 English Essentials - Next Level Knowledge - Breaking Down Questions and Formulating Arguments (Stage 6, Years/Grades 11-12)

==

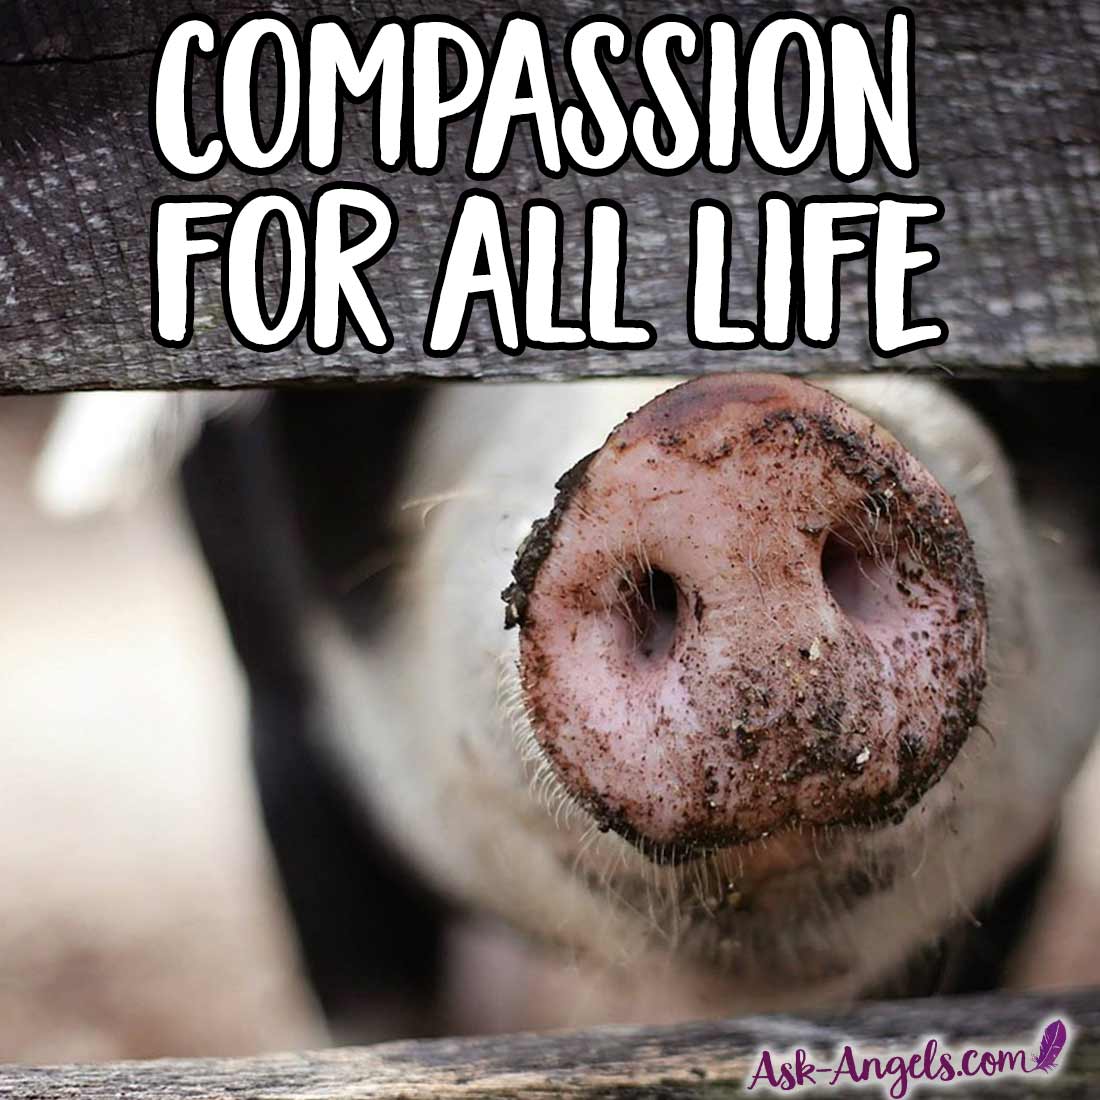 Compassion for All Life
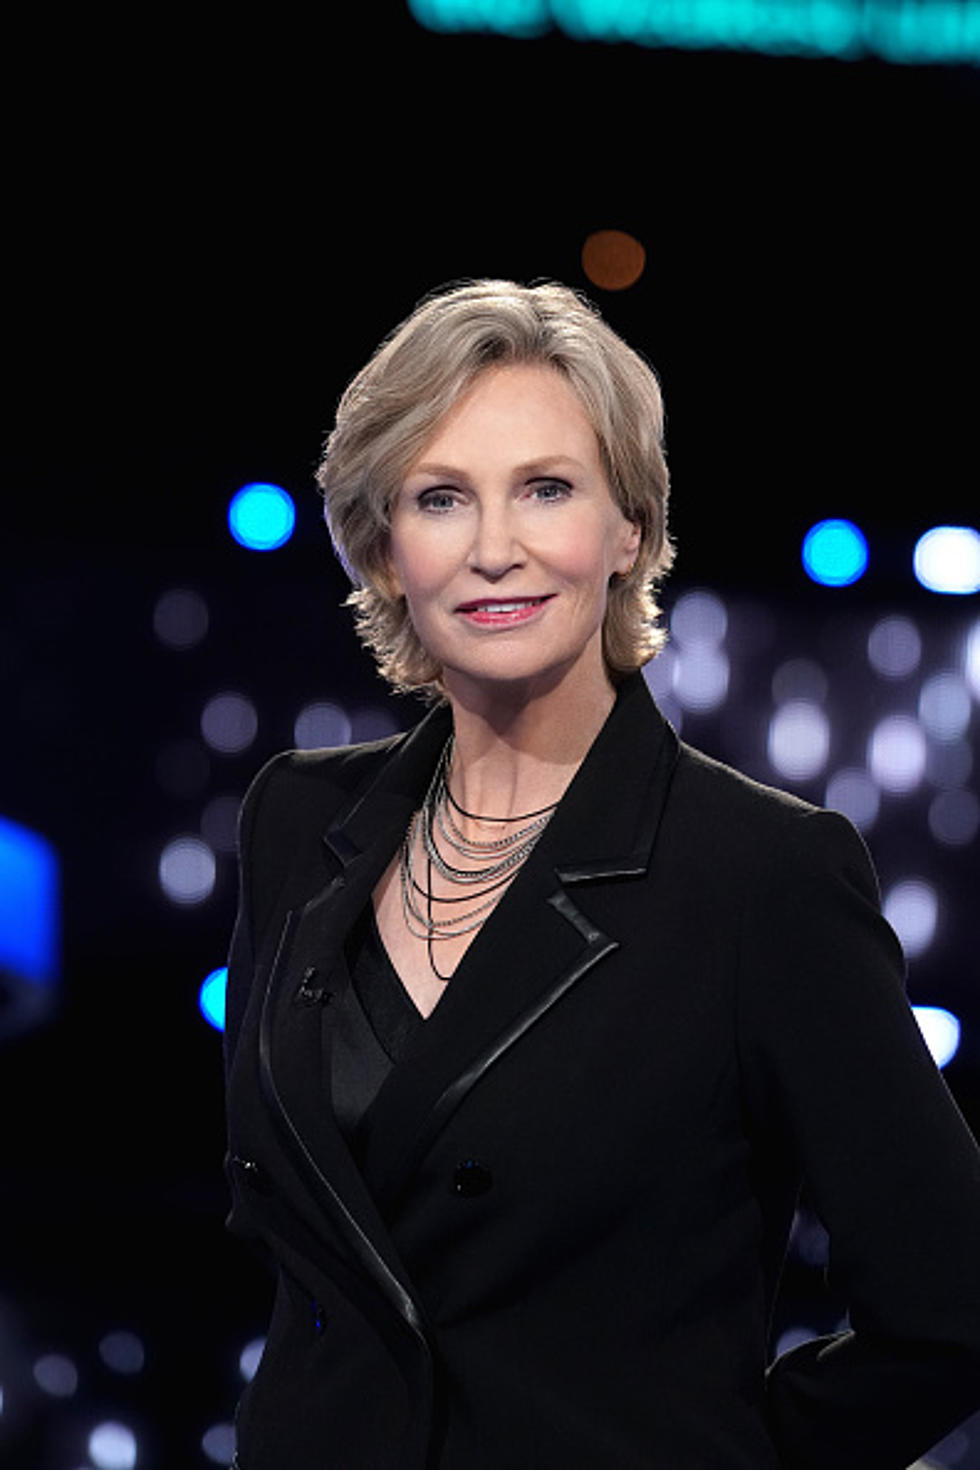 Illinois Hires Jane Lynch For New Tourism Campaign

- **TO DO**: Using the data above, set down each line from the line with "Compassion for All Life" to the line with "Illinois Hires Jane" exactly, both ends included, and leave the pictures behind. Nothing else belongs.

- **WRITTEN SOLUTION**:
 Compassion for All Life
 Illinois Hires Jane Lynch For New Tourism Campaign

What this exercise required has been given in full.